# Data Visualization with Altair / Vega

[Altair](https://altair-viz.github.io/) is a declarative statistical visualization library, based on the [Vega](http://vega.github.io/vega) and [Vega-Lite](http://vega.github.io/vega-lite) grammar of graphics.

You need to install the `altair` and `vega` Python packages, plus possibly `vega_dataset` if you want to work on their examples. Altair needs at least Python 3.5.3.

## Documentation

The [main documentation](https://altair-viz.github.io/) includes an extensive user guide as well as a gallery and case studies, here are a few links to special topics that are often needed but somewhat hard to find.

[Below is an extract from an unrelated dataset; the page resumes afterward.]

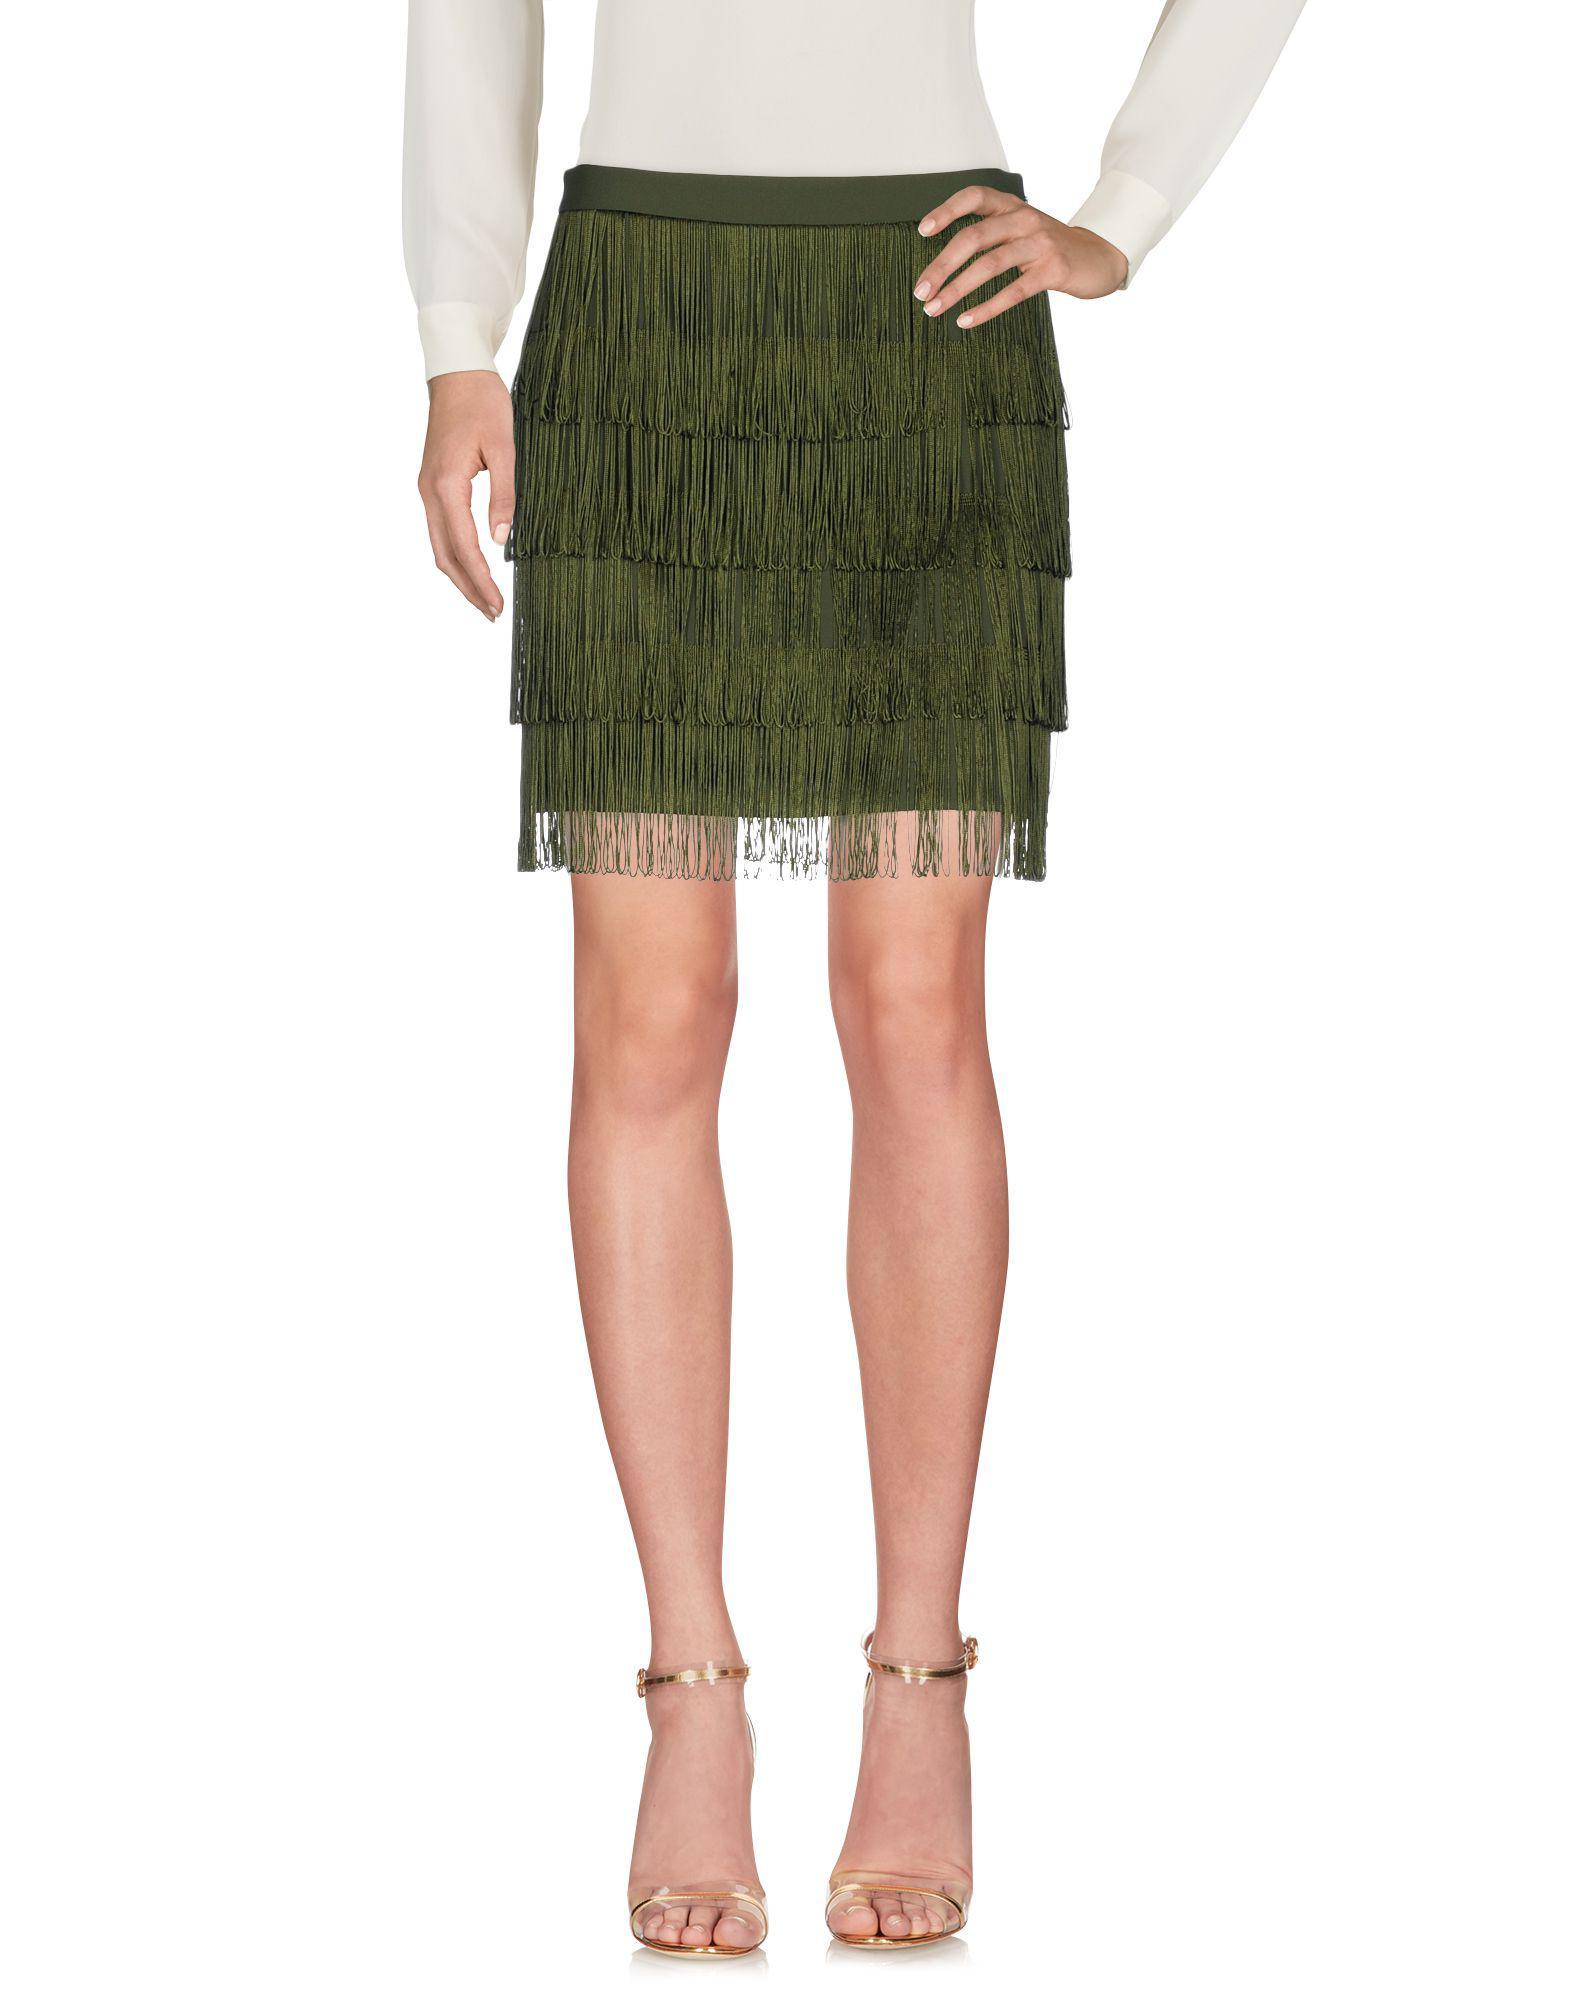 b9059bfcc2 Pinko Mini Skirt in Green - Lyst

* [Mark definition parameters explained](https://altair-viz.github.io/user_guide/generated/core/altair.MarkDef.html#)
* [X axis specifications](https://altair-viz.github.io/user_guide/generated/channels/altair.X.html)

**Trainings**
* [1-Hour Altair Tutorial](https://nbviewer.jupyter.org/github/kanitw/altair-tutorial/blob/master/ECS_Hackweek.ipynb)

## Initialization

To register the Altair renderer in the classic notebook, you need the following code (typically in your first code cell).

In [1]:
import altair as alt

# Enable Altair for notebooks (not needed for JupyterLab)
_ = alt.renderers.enable('notebook')

Note that this is not necessary with JupyterLab.

To be able to render PNG images from Altair charts, you need some more prep work. Your Jupyter installation needs to have the `selenium` Python package installed (see the `setup` folder for hints on that), which in turn requires the `chromedriver` executable to work. 

The following code helps when you cannot install that program more globally, and instead download it into the folder of your notebook. That folder must then be added to the command search `PATH`, so the driver binary is found.

In [2]:
import os

# Find a 'chromedriver' in the notebook's directory
if os.getcwd() not in os.environ['PATH'].split(os.pathsep): 
    os.environ['PATH'] += os.pathsep + os.getcwd()

A more automated way uses the [chromedriver-binary](https://pypi.org/project/chromedriver-binary/) PyPI package to do the downloading of the binary. Assuming you have installed that package into your runtime environment, all you need to do is import it, which extends your `PATH` so the driver binary is found at runtime.

In [3]:
import chromedriver_binary
!echo $PATH | tr : \\n | grep chrome
!ls -lh "{chromedriver_binary.chromedriver_filename}"

/opt/venvs/jupyterhub/lib/python3.6/site-packages/chromedriver_binary
-rwxr-xr-x 1 root root 12M Feb 21 12:24 /opt/venvs/jupyterhub/lib/python3.6/site-packages/chromedriver_binary/chromedriver


## Publishing Charts with `nbconvert`

Since Altair is based on the Javascript-driven Vega, the internal notebook outputs are a mix of HTML and Javascript. With IPython 7.2.0 (later versions might fix this), a `jupyter nbconvert --execute --to html` call will produce *empty* output cells.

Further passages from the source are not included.